__Description of the task__:
Quote the whole listing exactly. Leave the pictures out of your copy.

__Supplied data__:
+++++

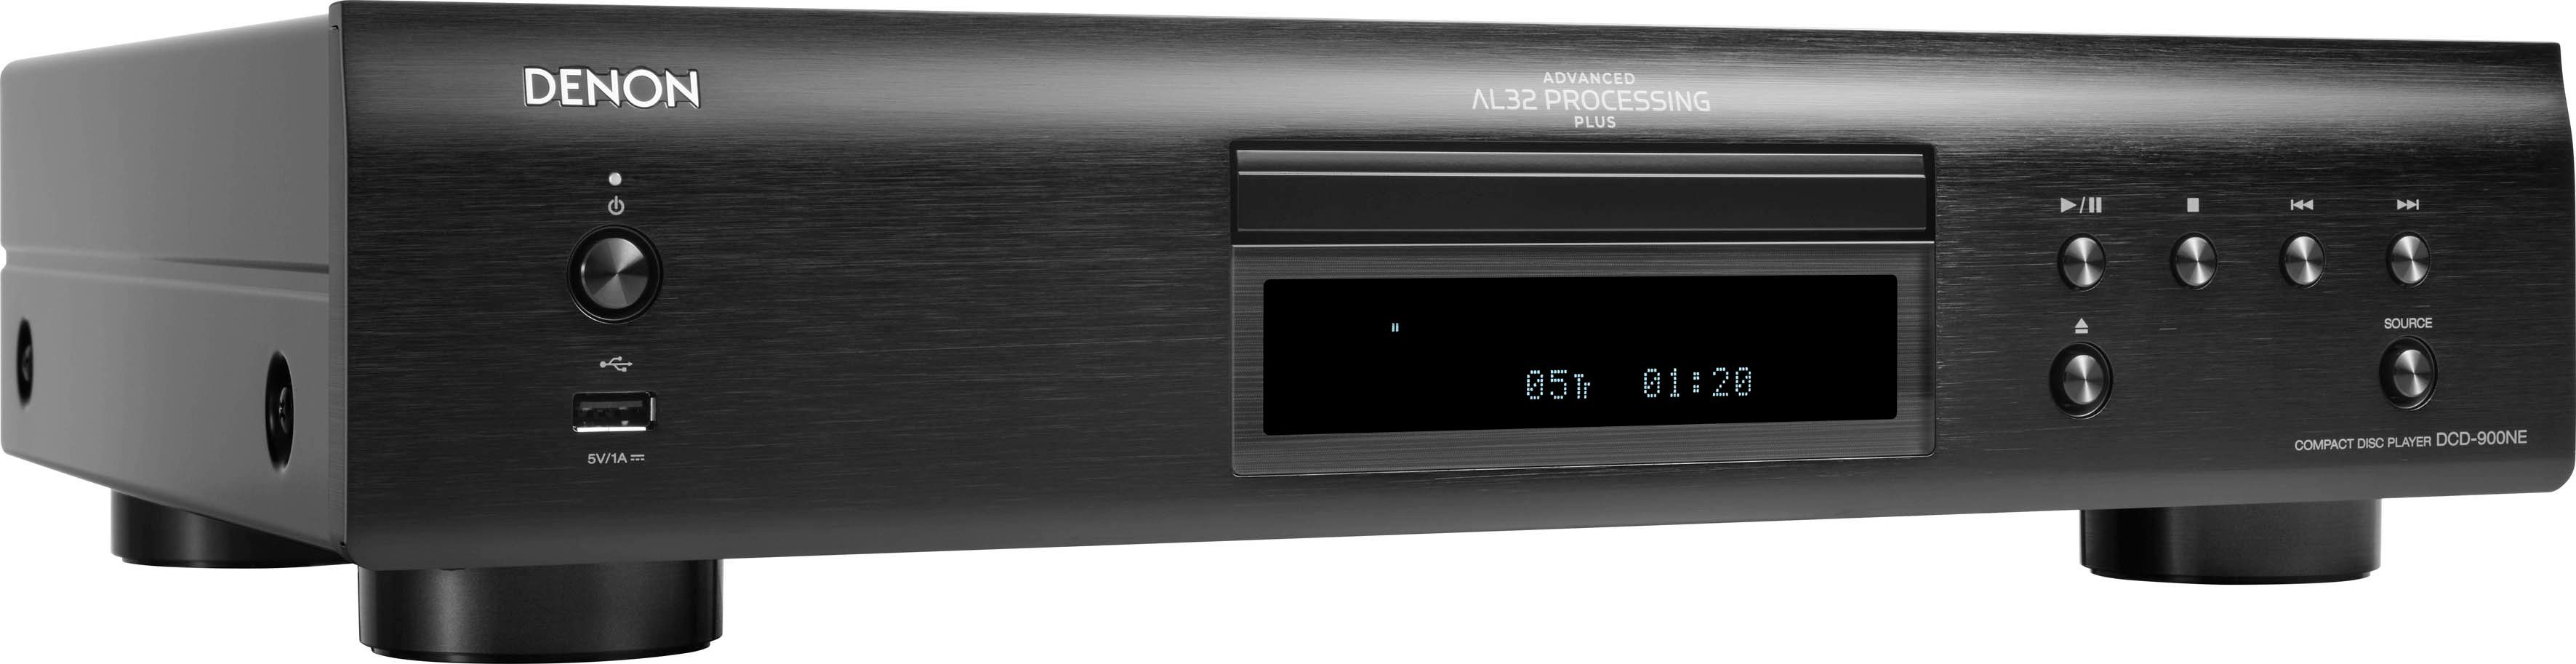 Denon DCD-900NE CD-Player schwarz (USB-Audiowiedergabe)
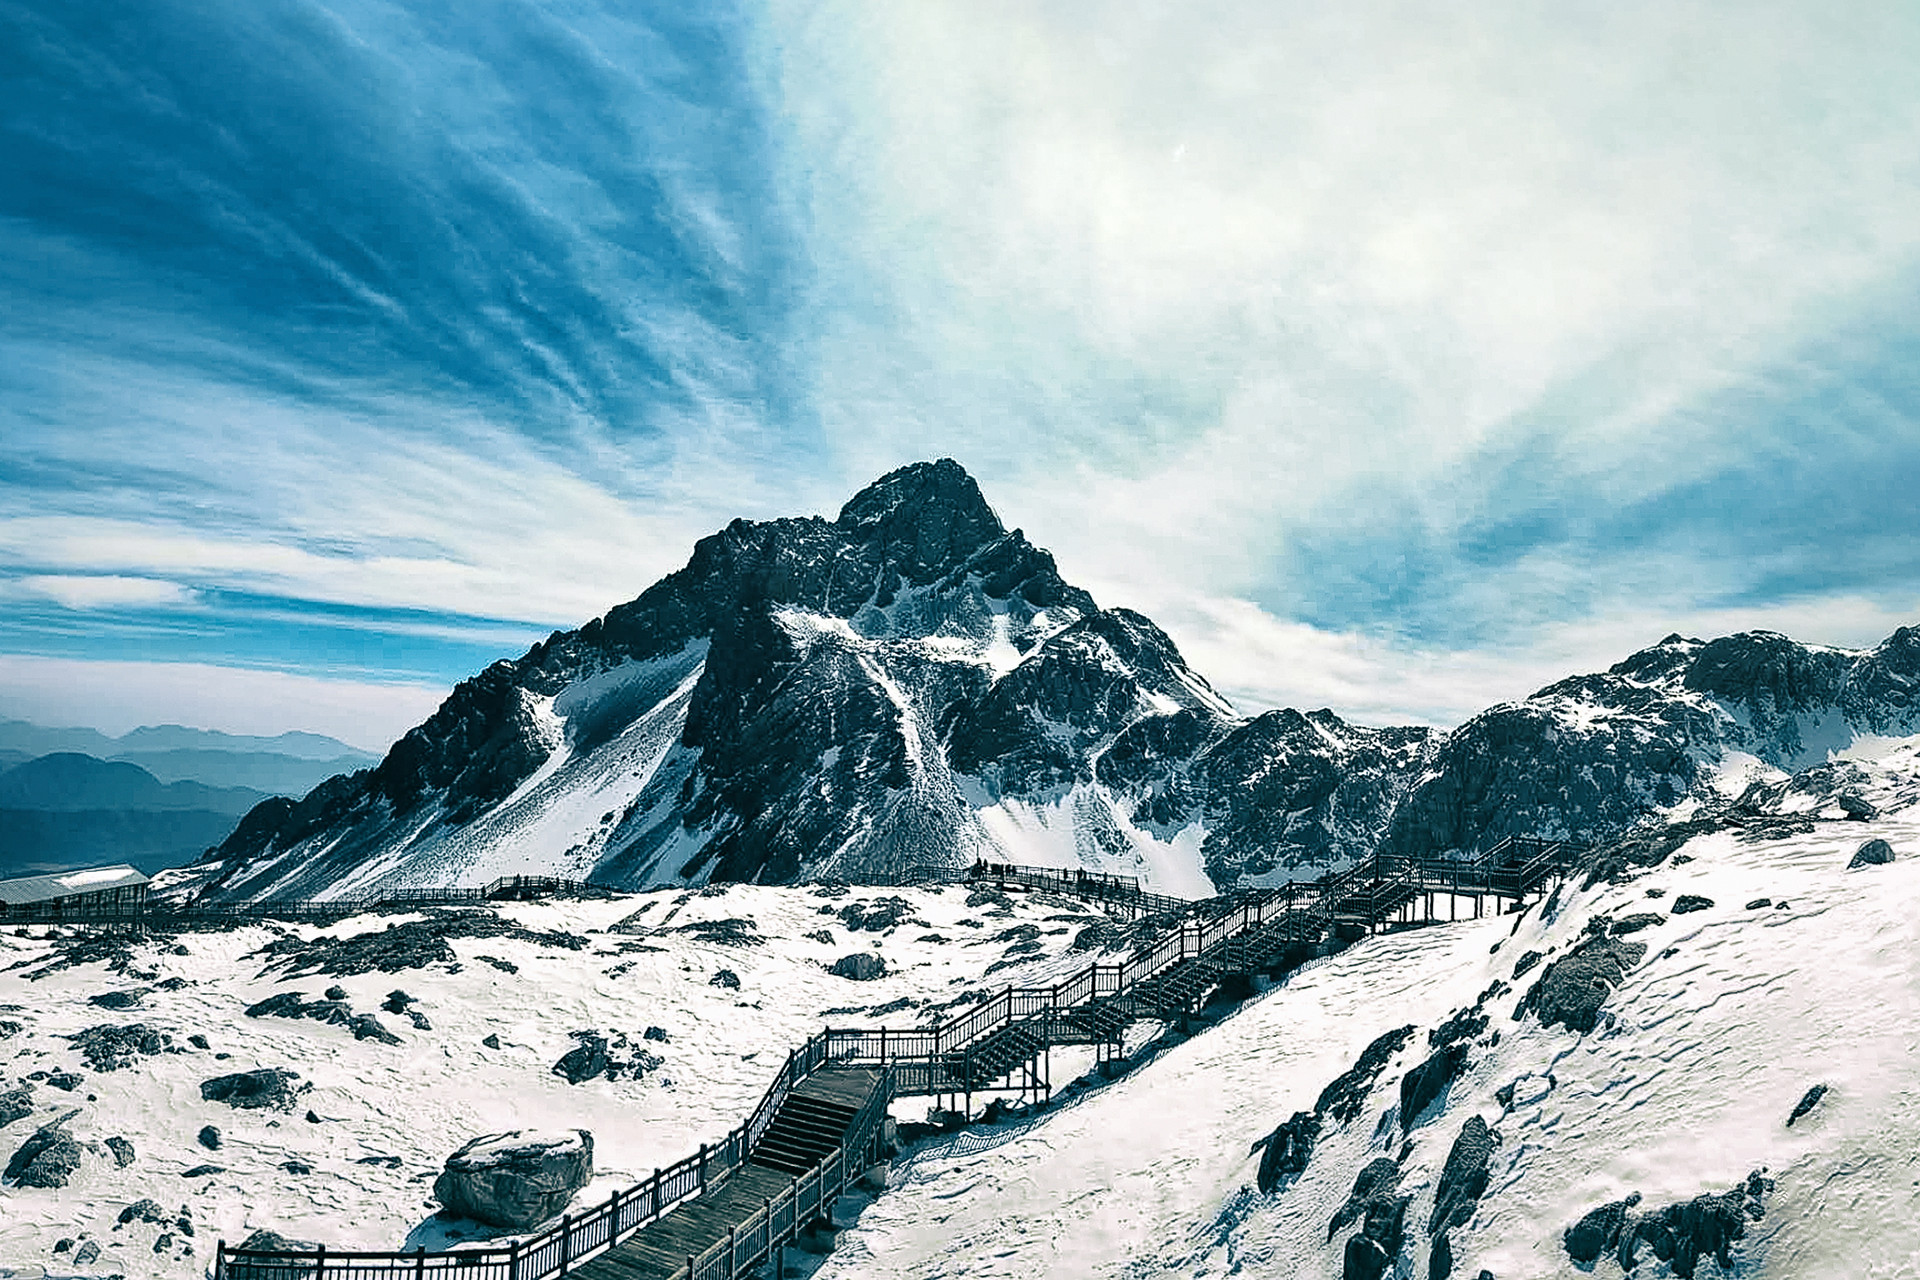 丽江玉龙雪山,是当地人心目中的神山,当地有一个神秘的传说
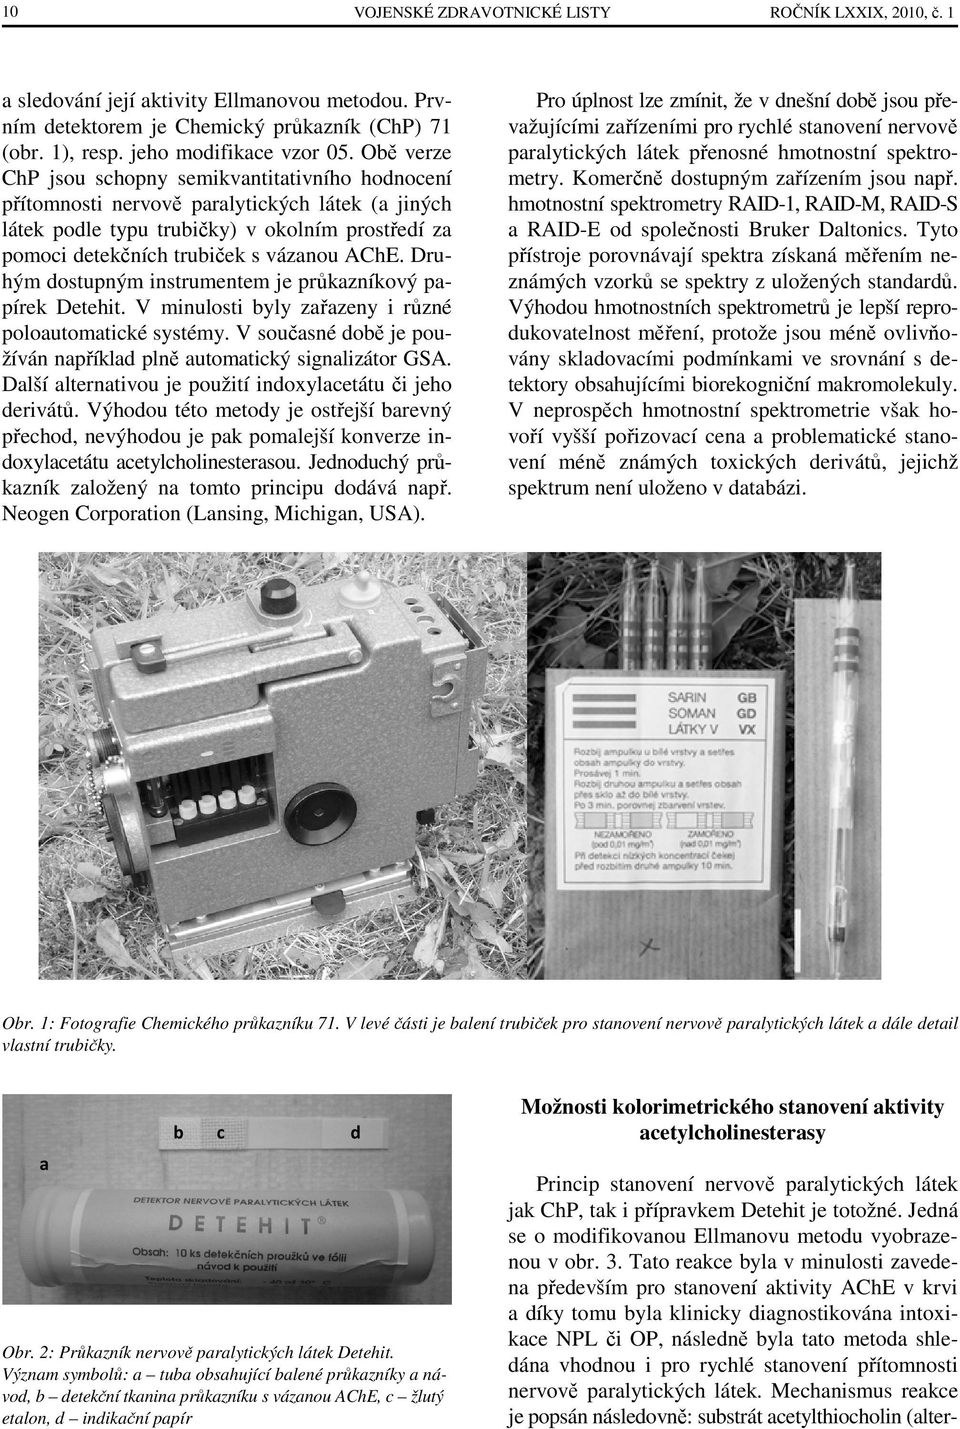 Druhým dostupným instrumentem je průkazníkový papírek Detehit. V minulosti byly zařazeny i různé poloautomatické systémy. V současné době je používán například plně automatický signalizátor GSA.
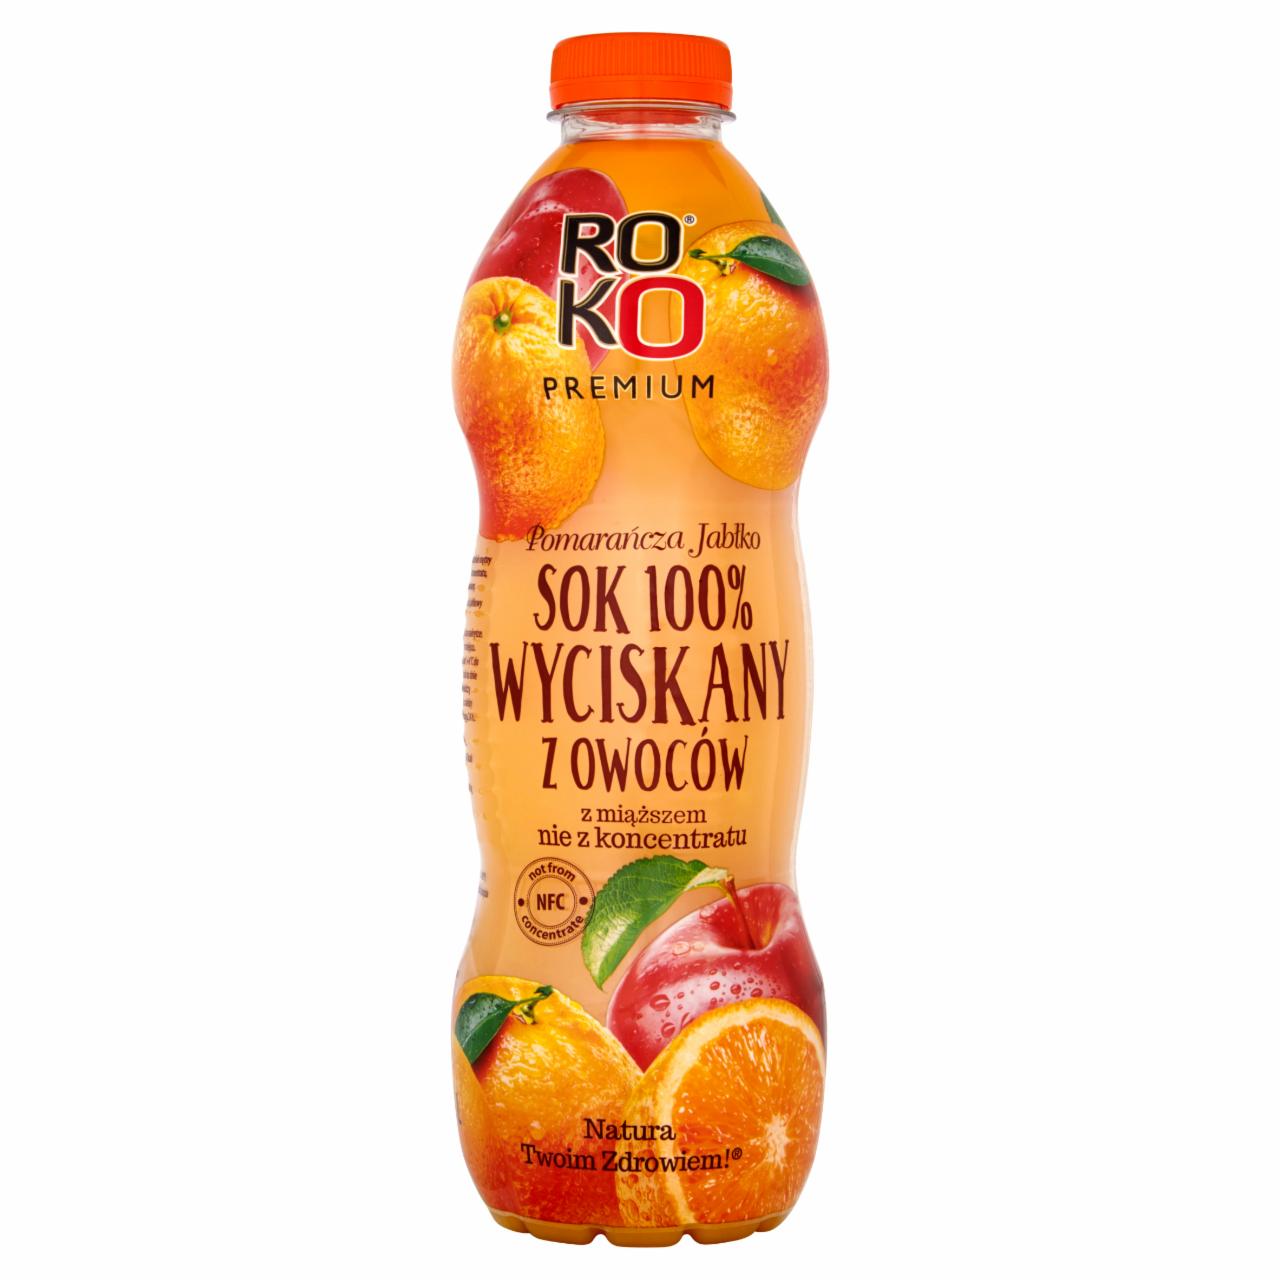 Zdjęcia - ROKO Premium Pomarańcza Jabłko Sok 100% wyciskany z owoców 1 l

+++++

__Answer below__:
 Denon DCD-900NE CD-Player schwarz (USB-Audiowiedergabe)
 丽江玉龙雪山,是当地人心目中的神山,当地有一个神秘的传说
 Druhým dostupným instrumentem je průkazníkový papírek Detehit. V minulosti byly zařazeny i různé poloautomatické systémy. V současné době je používán například plně automatický signalizátor GSA.
 Zdjęcia - ROKO Premium Pomarańcza Jabłko Sok 100% wyciskany z owoców 1 l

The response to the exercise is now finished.